*Task prompt*. Only the lines below from the one that holds "a man in western" through the one that holds "Bitcoin Mining Profit Calculator" should appear in the answer, copied exactly, end lines included and pictures omitted.

*Records for this task*.
● ● ● ●
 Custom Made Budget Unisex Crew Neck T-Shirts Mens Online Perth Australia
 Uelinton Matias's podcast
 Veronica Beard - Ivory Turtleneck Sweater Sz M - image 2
● ● ● ●
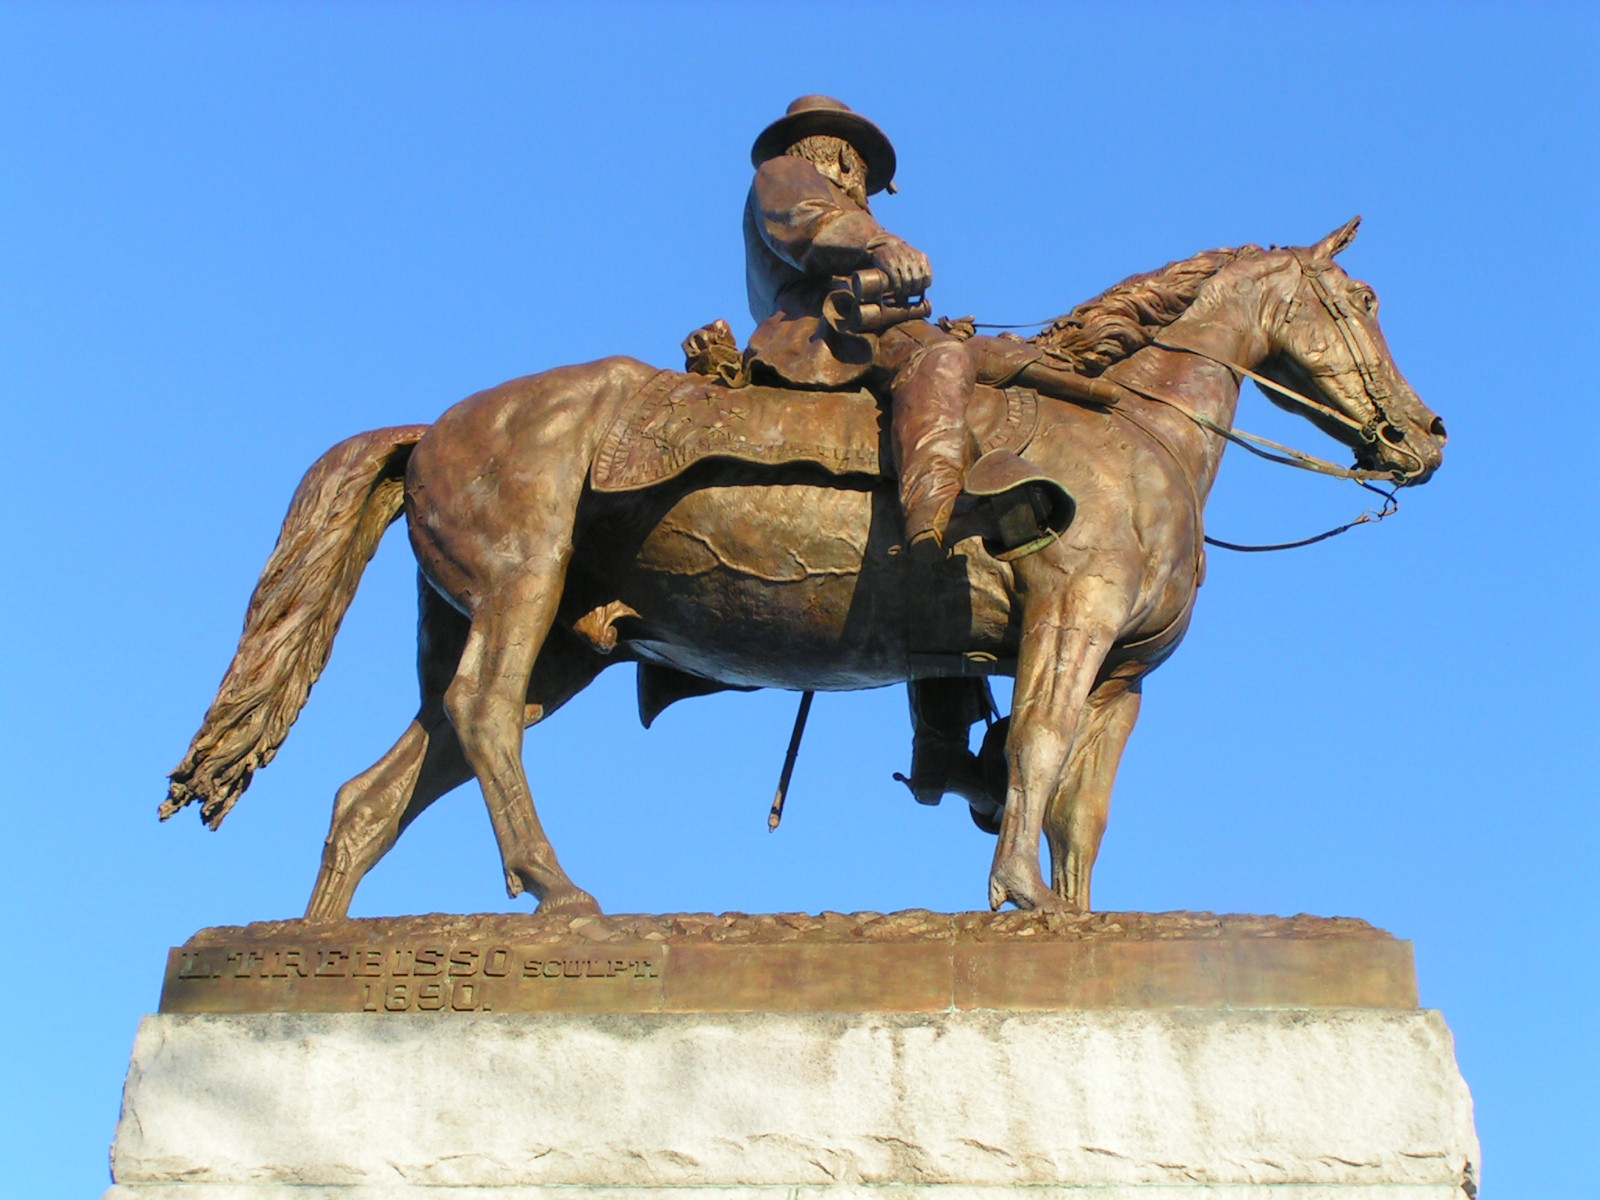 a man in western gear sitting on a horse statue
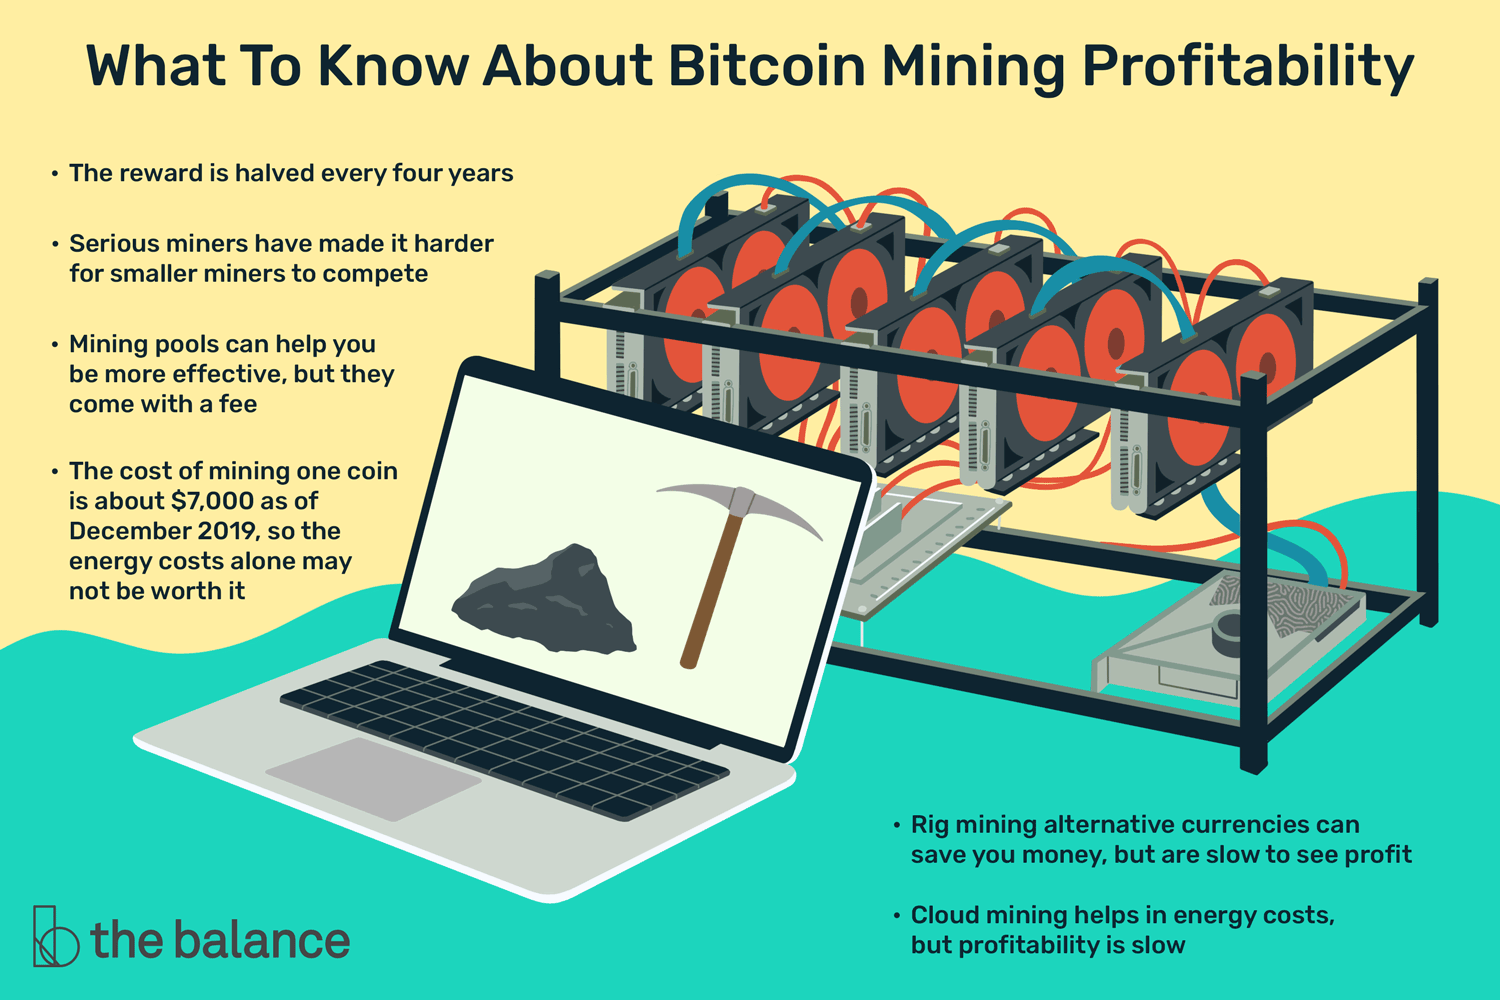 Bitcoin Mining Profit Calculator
● ● ● ●
*Task response*.
 a man in western gear sitting on a horse statue
 Bitcoin Mining Profit Calculator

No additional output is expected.